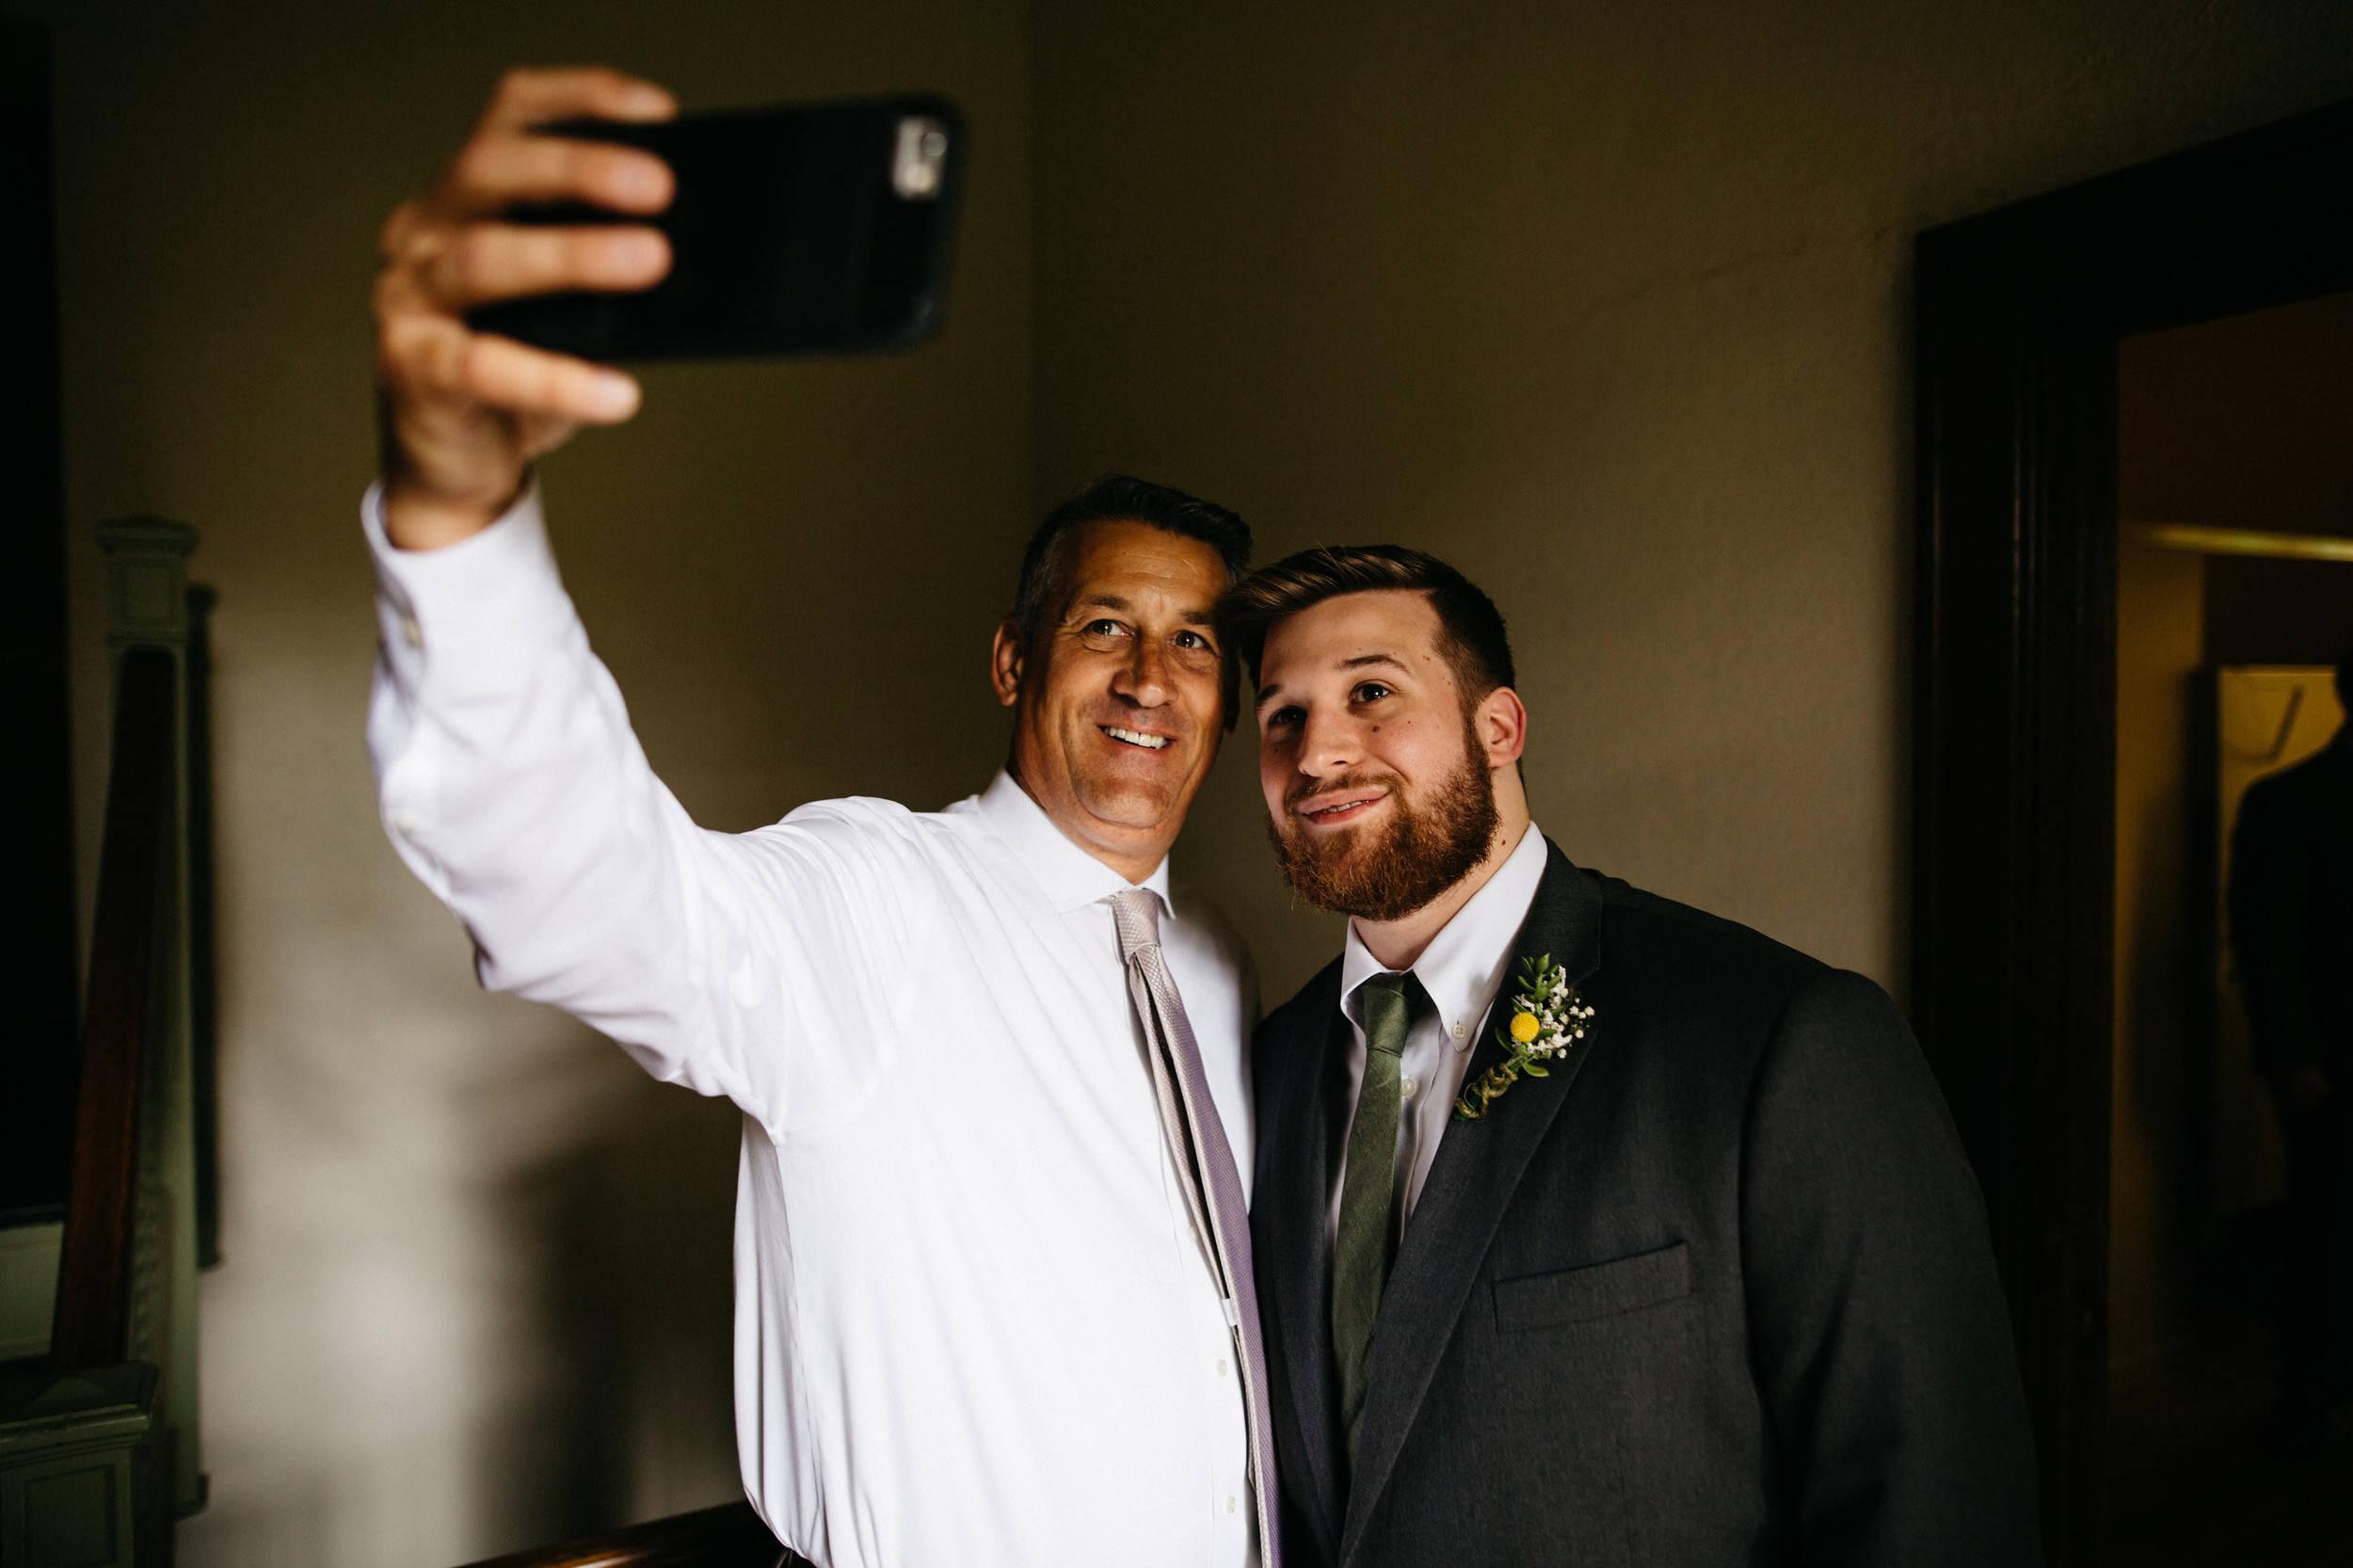 Groomsmen taking a selfie before wedding
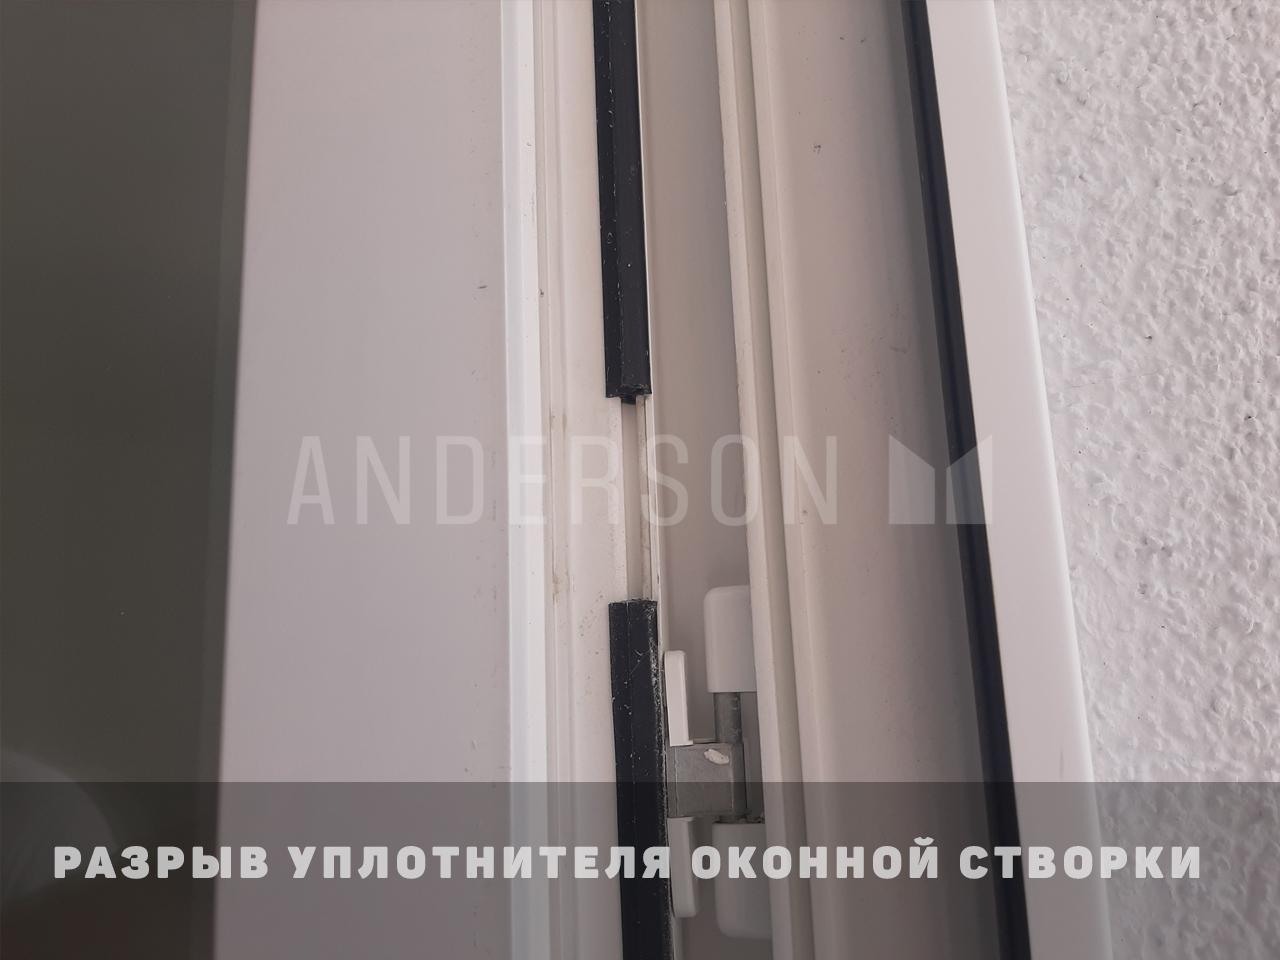 разрыв уплотнителя створки окна
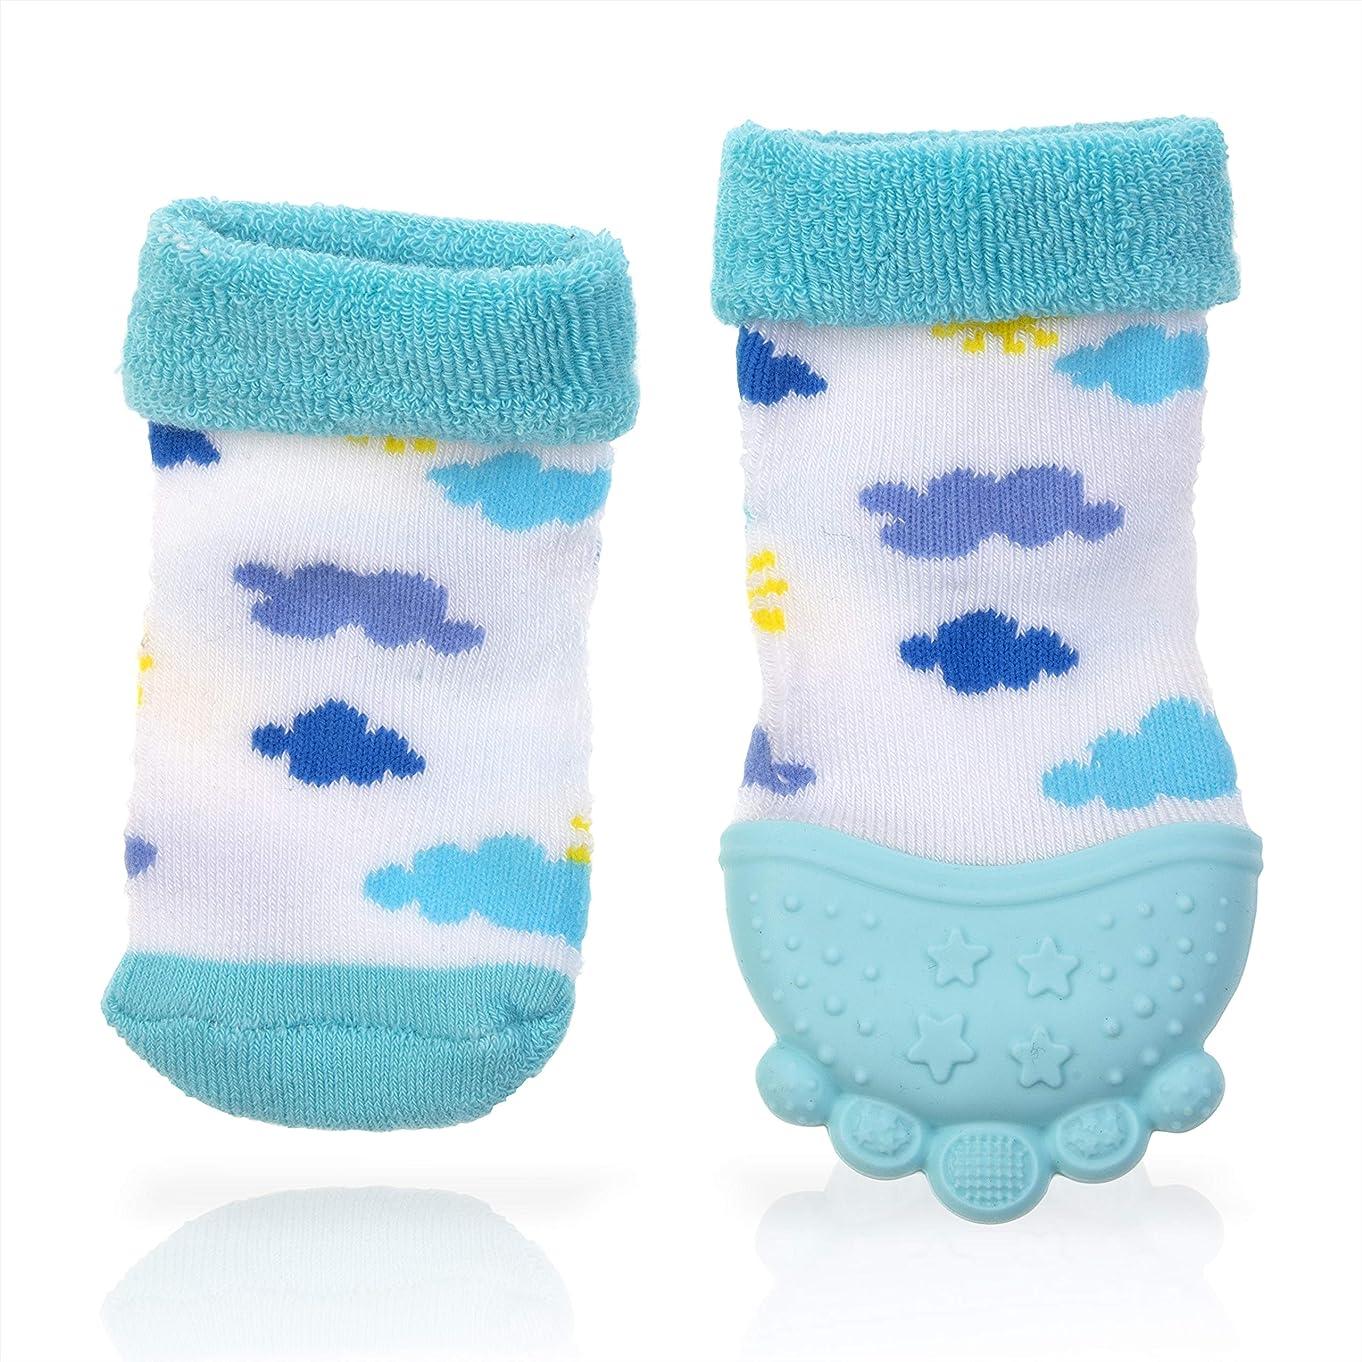 Nuby Soothing Teether Sock, Sky Blue Clouds

· · · · · · ·

■ **BRIEF**
Minus its pictures, the full listing should be copied verbatim.

■ **WRITTEN REPLY**
 Groomsmen taking a selfie before wedding
 разрыв уплотнителя створки окна
 Nuby Soothing Teether Sock, Sky Blue Clouds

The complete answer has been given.